If I have the integral: $\displaystyle\int_{0}^{\infty}t^{-\frac{1}{2}}e^{-t} dt$
Am I allowed to make the substitution $t=x^2$, because I am then not sure what the limits of integration would be as for $t$ positive $x$ could be negative or positive?
Here are the conditions for making a substitution:
$\int_{y_0}^{y_1}f(y) dy = \int_{x_0}^{x_1}f(h(x))h'(x) dx$
if: 1. $f : [y_0, y_1] → R$ is continuous on $[y_0, y_1]$,
note that this doesn't actually mean that h has to be bijective.
By taking limits you can extend this to improper integrals with infinities in the limits.
Also if you can satisfy the conditions 1 and 2 above but $h(x_0)=y_1$ and $h(x_1)=y_0$ ($y_1 > y_0$) you can fiddle about and show that you still $\int_{y_0}^{y_1}f(y) dy = \int_{x_0}^{x_1}f(h(x))h'(x) dx$ (do this by subtituting with $h_2(x) = h(x_0 + x_1 - x)$ which does satisfy the conditions above).

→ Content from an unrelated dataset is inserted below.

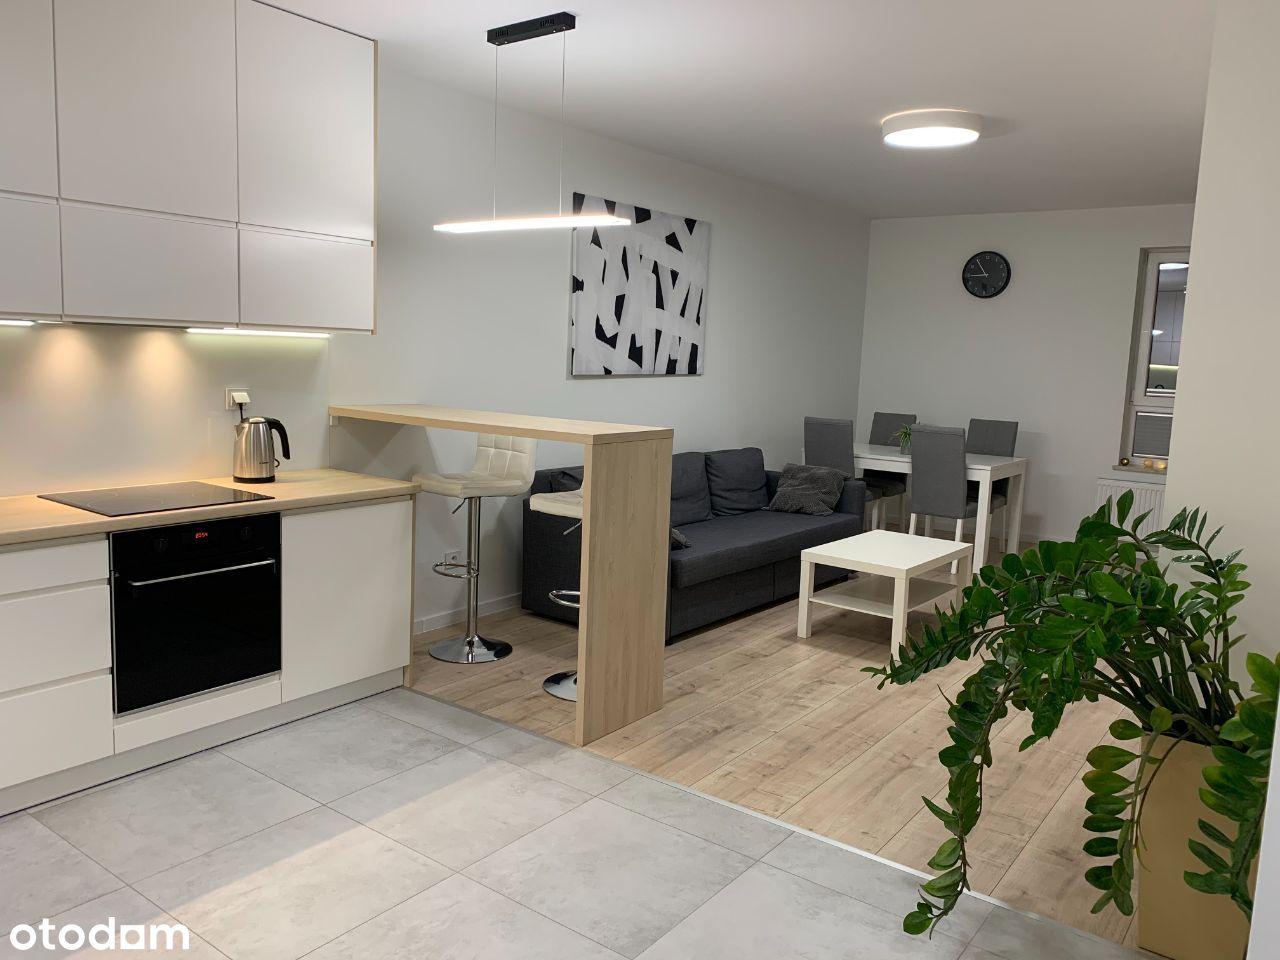 Apartament 2-pokojowy Matejki 11

So you can actually get it to work both ways,
In your case:
$t(x) = x^2$
$t((- \infty ,0]) = [0, \infty)$
$t'(x) = 2x$
$\int_{0}^{\infty}t^{-\frac{1}{2}}e^{-t} dt = \int_{0}^{-\infty}|x^{-1}|e^{-x^2}*2x dx = \int_{0}^{-\infty}-2e^{-x^2} dx$ (x<=0)
$=\int_{-\infty}^{0}2e^{-x^2} dx$
And you can see that this is going to be the same as $\int_{0}^{\infty}2e^{-x^2} dx$ which is what you get if you do it with the other choice of limits.
Hint. You may rather perform the change of variable $x=\sqrt{t}>0$, giving $dx=\frac{1}{2}t^{-\frac{1}{2}}dt$ to get $$ \int_{0}^{\infty}t^{-\frac{1}{2}}e^{-t} dt=2\int_{0}^{\infty}e^{-x^2} dx $$ then you may use the standard gaussian result.